First, the licensing concerns. "Liquor is my business," Bowers said. "Therefore, we were very concerned about that."

Second, the books were showing dollars fed into the skill games were dollars lost from the club's existing small games of chance, 60 percent of the proceeds of which are required by law to go to community charities.

At New Holland, Bowers recalled this week, small games of chance sales had dipped by as much as 50 percent.

The machines were taken out last summer, and the small games business came back.

"We decided that is was better to have our people gamble with the small games of chance where we make the money and we can give that money where we want to in the community," Bowers said.

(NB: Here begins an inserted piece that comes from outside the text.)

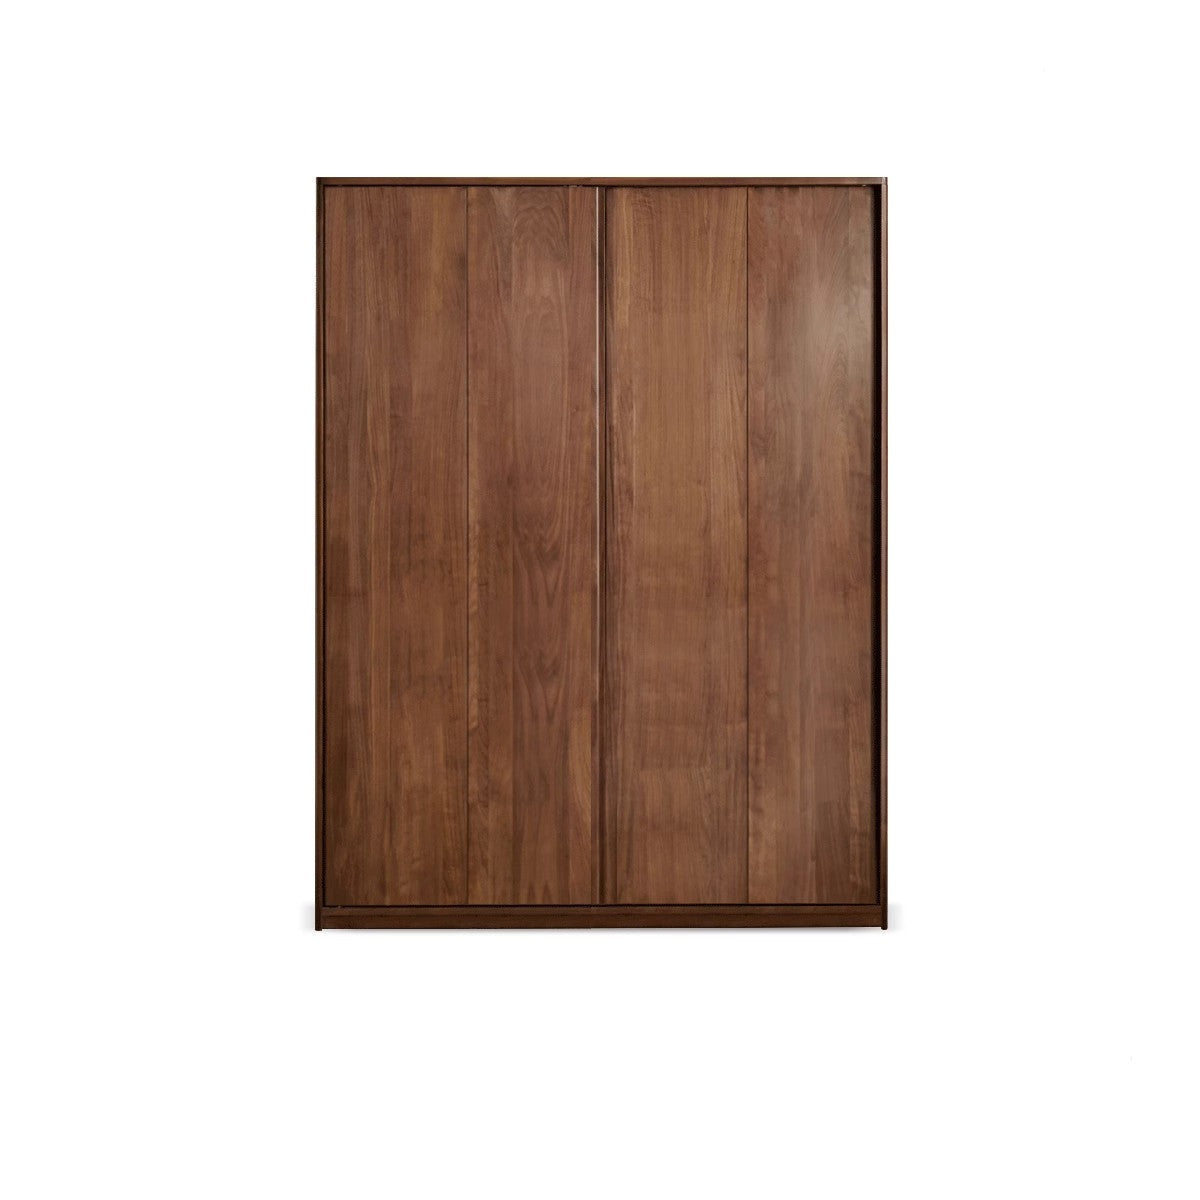 Black Walnut solid wood sliding door wardrobe"

It's hard to get a read on how many of the skill games are out there now, in part because of the lack of regulation or enforcement.

They're not real hard to find, however.

In Harrisburg, a convenience store a block away from the Capitol had the games even as lawmakers were battling over, and decided against, video gaming terminal in bars and taverns.

In Carlisle, a town that just refused a push by Greenwood Gaming & Entertainment to develop one of the new Category IV casinos, there are at least eight machines at three different convenience store locations.

PSP'S Miller, for one, worries the market is reaching a tipping point where liquor licensees feel they have to install the machines because everybody else - even gas stations - has them.

Bowers, at the New Holland Legion post, can relate.

"We feel better not having them here," she told PennLive. "But then I have all these people who are just popping up around me, and they can do whatever they want."

She points to a gas station in nearby Narvon where she claims there are at least five of the machines in play. "What kind of a fine is he going to get?" Bowers wonders. "He doesn't have a liquor license.

"Now, we have, basically, slot machines everywhere."

The gamble within the game here is, how long can this go on?

The Beaver County decision Pace-O-Matic won and many of its competitors have relied on found, in the specific case of "Pennsylvania Skill," "the player exercises control over the game, and is not at the mercy of getting a lucky hand."

But state police and other law enforcement don't consider that settled law just yet, and are pushing for other court tests.

A check of Liquor Control Enforcement actions from the past six months found two cases in which bars or private clubs with versions of the "skill games" were cited for gambling violations.

In both of those, involving "PA Games of Skill" and "Superior Skill Games" brands, respectively, bar operators essentially pleaded guilty to a licensing violation and agreed to pay fines of $550 and $750.

Lawmakers banking on taxes from the new mini-casinos to igames on smart phones and laptops to, now, legal sports betting, aren't real happy about the growth of this untaxed market either.

Sen. Mario Scavello, a Monroe County Republican who chairs the Senate's Community, Economic and Recreational Development Committee, says he's bothered by the payouts.

After all, in the 1980s, Scavello noted, there were players of first-generation video games like Pac-Man, Defender or Asteroids who were more skilled than others - but they didn't get a payout.

He's considering legislation that would bar cash or prize pay-outs, unless the machines are within the confines of a state-licensed casino.

Skill game manufacturers, who see themselves more like the "quarter-pusher" games that pop up at summer fairs and carnivals, say if the legislature goes that far, it risks destroying many more games in the process.

Place your bets, now, if you want.

It looks like the action on "skill games" is only starting to heat up.